Posted by: Denny Cherry
Back To Basics, Index Performance, Index Scan, Index Seek, Indexing, SQL Server, Statistics
Statistics are magical little objects within the database engine that have the ability to make your queries run fast or painfully slow. The reason that statistics are so important is because they tell the database engine what data exists within the database table and how much data exists. The problem with statistics comes from how often they are updated. By default in all versions and editions of SQL Server the statistics are updated when 20%+500 rows within the database table change. So if a database table has 10000 rows in it we need to change 2500 rows (2000 rows is 20% plus an additional 500 rows) for the statistics to be updated. With smaller tables like this having out of date statistics usually doesn’t cause to many problems. The problems really come into play with larger tables. For example if there are 50,000,000 rows in a table for the statistics to be automatically updated we would need to change 10,000,500 rows. Odds are it is going to take quite a while to change this number of rows. To fix this we can manually tell the SQL Server to update the statistics by using the UPDATE STATISTICS command.
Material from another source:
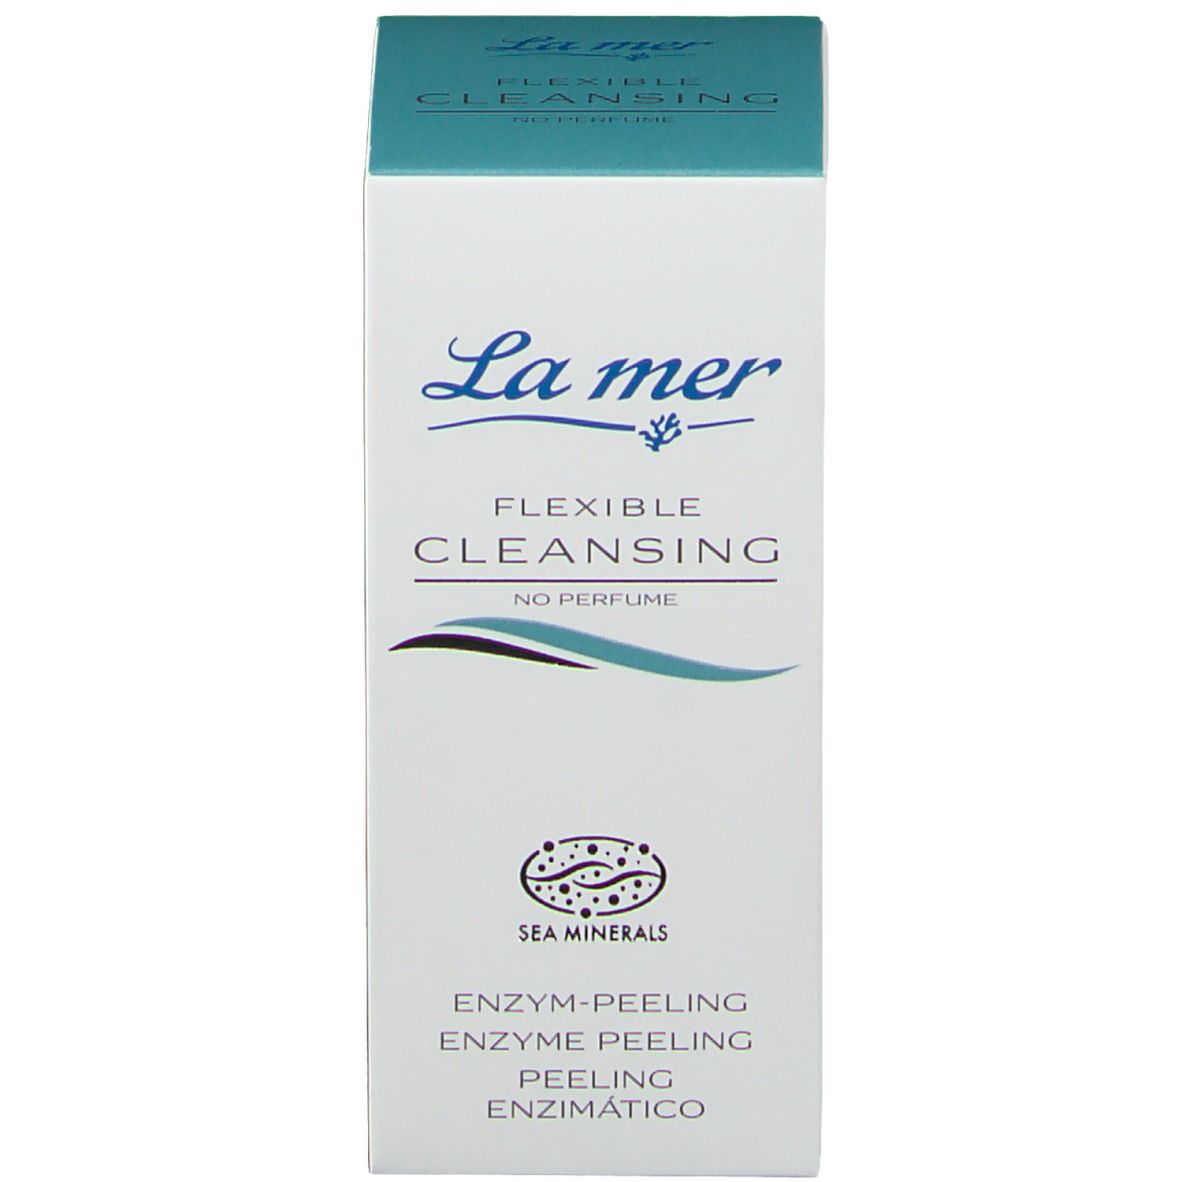 La mer FLEXIBLE Cleansing Enzym-Peeling

Within the statistic there are up to 200 values which are sampled from the column. The statistic shown below contains a few different columns. The statistic shows a series of values from the column which the statistic is built on. It also contains the count of the number of rows between that row and the next in the statistic. From this information the SQL Server is able to build the execution plan which is used to access the data. When the data within the statistic is out of date the SQL Server doesn’t make the correct assumptions about how much data there is and what the best way to access that data is. When the statistic gets updated the SQL Server is able to make better assumptions so the execution plan becomes better so the SQL Server is able to get the data faster.